TASK OBJECTIVE - Restate each record word for word, from the first to the last.

==== DATA PROVIDED

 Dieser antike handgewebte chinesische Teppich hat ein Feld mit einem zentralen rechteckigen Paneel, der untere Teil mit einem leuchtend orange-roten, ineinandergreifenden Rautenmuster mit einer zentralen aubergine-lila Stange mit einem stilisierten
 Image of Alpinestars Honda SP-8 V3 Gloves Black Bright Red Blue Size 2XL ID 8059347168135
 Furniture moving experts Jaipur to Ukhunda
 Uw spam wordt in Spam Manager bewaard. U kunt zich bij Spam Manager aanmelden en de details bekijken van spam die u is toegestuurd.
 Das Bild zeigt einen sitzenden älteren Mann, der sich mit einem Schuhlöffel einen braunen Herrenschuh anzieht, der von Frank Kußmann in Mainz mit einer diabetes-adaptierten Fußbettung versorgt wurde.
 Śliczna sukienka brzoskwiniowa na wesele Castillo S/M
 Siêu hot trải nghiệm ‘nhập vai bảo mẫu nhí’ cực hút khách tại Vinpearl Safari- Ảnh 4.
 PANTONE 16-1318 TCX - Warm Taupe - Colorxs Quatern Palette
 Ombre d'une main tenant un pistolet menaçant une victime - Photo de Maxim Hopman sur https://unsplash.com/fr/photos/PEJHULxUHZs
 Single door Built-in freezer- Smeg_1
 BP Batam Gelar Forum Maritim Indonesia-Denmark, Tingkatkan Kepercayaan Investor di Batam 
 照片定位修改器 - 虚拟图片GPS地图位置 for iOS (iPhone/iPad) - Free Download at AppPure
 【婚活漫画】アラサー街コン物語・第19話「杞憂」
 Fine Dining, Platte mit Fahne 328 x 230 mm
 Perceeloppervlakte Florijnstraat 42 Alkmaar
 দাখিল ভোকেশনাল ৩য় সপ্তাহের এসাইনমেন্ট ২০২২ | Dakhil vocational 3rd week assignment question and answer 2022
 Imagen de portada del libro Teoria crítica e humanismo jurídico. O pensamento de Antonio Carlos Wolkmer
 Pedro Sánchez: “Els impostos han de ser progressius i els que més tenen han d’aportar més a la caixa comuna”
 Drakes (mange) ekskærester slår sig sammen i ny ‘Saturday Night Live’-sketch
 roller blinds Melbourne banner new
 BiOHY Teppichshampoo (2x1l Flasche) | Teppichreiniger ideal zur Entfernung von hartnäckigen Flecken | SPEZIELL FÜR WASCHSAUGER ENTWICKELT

========

EXERCISE ANSWER -
 Dieser antike handgewebte chinesische Teppich hat ein Feld mit einem zentralen rechteckigen Paneel, der untere Teil mit einem leuchtend orange-roten, ineinandergreifenden Rautenmuster mit einer zentralen aubergine-lila Stange mit einem stilisierten
 Image of Alpinestars Honda SP-8 V3 Gloves Black Bright Red Blue Size 2XL ID 8059347168135
 Furniture moving experts Jaipur to Ukhunda
 Uw spam wordt in Spam Manager bewaard. U kunt zich bij Spam Manager aanmelden en de details bekijken van spam die u is toegestuurd.
 Das Bild zeigt einen sitzenden älteren Mann, der sich mit einem Schuhlöffel einen braunen Herrenschuh anzieht, der von Frank Kußmann in Mainz mit einer diabetes-adaptierten Fußbettung versorgt wurde.
 Śliczna sukienka brzoskwiniowa na wesele Castillo S/M
 Siêu hot trải nghiệm ‘nhập vai bảo mẫu nhí’ cực hút khách tại Vinpearl Safari- Ảnh 4.
 PANTONE 16-1318 TCX - Warm Taupe - Colorxs Quatern Palette
 Ombre d'une main tenant un pistolet menaçant une victime - Photo de Maxim Hopman sur https://unsplash.com/fr/photos/PEJHULxUHZs
 Single door Built-in freezer- Smeg_1
 BP Batam Gelar Forum Maritim Indonesia-Denmark, Tingkatkan Kepercayaan Investor di Batam 
 照片定位修改器 - 虚拟图片GPS地图位置 for iOS (iPhone/iPad) - Free Download at AppPure
 【婚活漫画】アラサー街コン物語・第19話「杞憂」
 Fine Dining, Platte mit Fahne 328 x 230 mm
 Perceeloppervlakte Florijnstraat 42 Alkmaar
 দাখিল ভোকেশনাল ৩য় সপ্তাহের এসাইনমেন্ট ২০২২ | Dakhil vocational 3rd week assignment question and answer 2022
 Imagen de portada del libro Teoria crítica e humanismo jurídico. O pensamento de Antonio Carlos Wolkmer
 Pedro Sánchez: “Els impostos han de ser progressius i els que més tenen han d’aportar més a la caixa comuna”
 Drakes (mange) ekskærester slår sig sammen i ny ‘Saturday Night Live’-sketch
 roller blinds Melbourne banner new
 BiOHY Teppichshampoo (2x1l Flasche) | Teppichreiniger ideal zur Entfernung von hartnäckigen Flecken | SPEZIELL FÜR WASCHSAUGER ENTWICKELT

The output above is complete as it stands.